The Journey is a performance of a ship navigating a GPS content-related route inspired by time, history and current geopolitical data in an area between Italy, Malta, Tunisia, Libya. The narrative is centred on the decision and consequences of dropping a 20-ton marble block awarded to the artist by the iconic Michelangelo quarry in Carrara, Italy, yet left untouched. Rossella Biscotti uses the block as a mechanism to unpack the political, economic and environmental layers of a complex body of water.
Origin of the project
The Journey was born from a prize received in 2010 at the International Biennial of Carrara. The prize consisted of a large block of marble extracted from the Michelangelo Quarry, the historic quarry of the Renaissance sculptors. At the time, she was doing research in Lampedusa, which she was already the main landing point for migratory flows.
So she was often crossing the Mediterranean for my research and from there came the idea of releasing this block of marble into the centre of the sea.
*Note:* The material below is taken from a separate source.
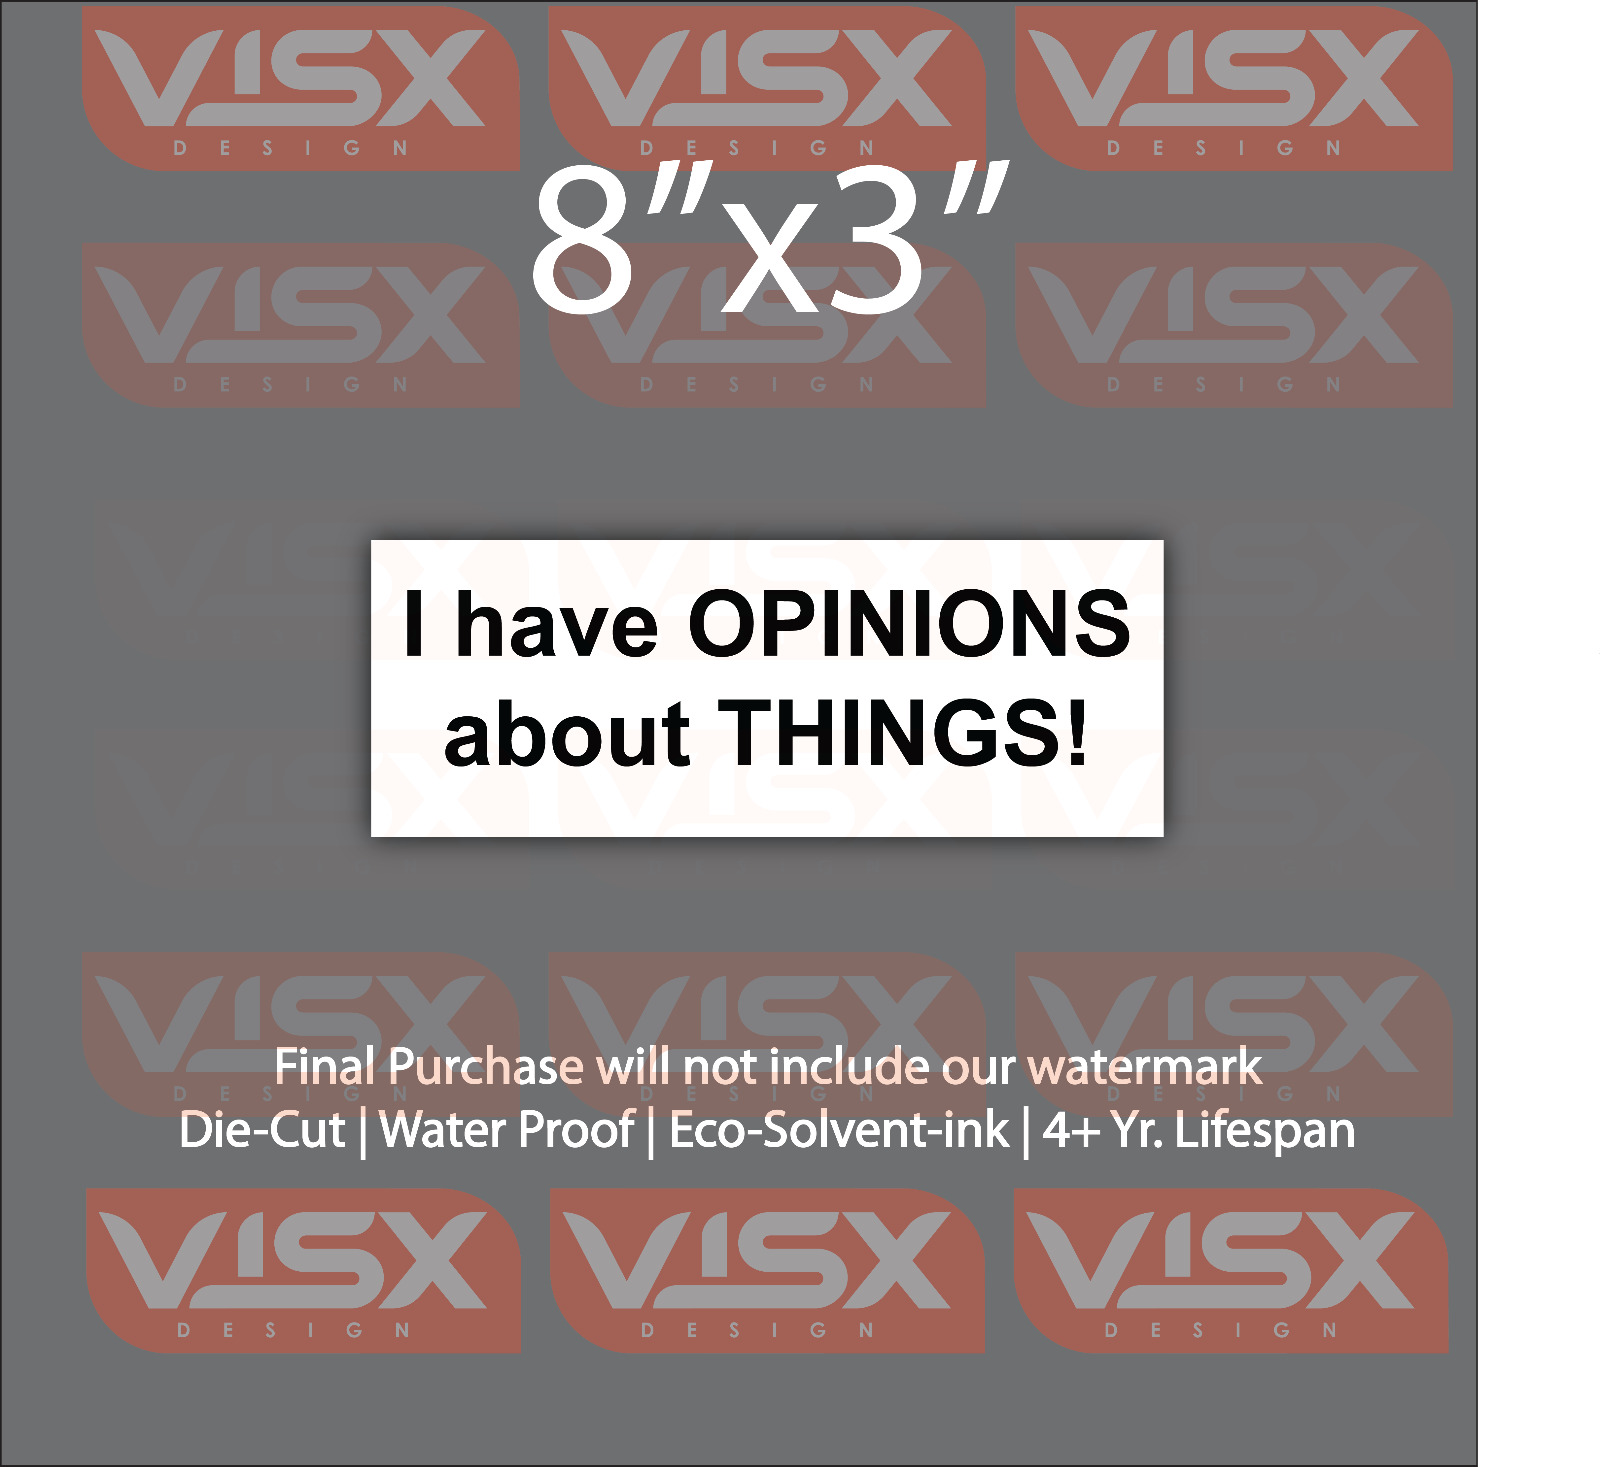 I have opinions about things Bumper Sticker Funny tailgate joke prank meme old

From this simple idea a mechanism was born to explore that area on different levels, imagining the Mediterranean as a stratification of historical, political, geographical and geological meanings. Until 2016, she composed a series of maps of the area, ranging from the division of licences between oil and gas companies to the numerous military operations, from geological maps to maps of cables, wrecks, etc., all of which I was able to do. The Journey culminated in May 2021 in the voyage of a ship from Malta across the central Mediterranean for three and a half days following a route of GPS points, resulting from the research and mapping carried out, to a point where they released the 20 ton block of marble into the sea.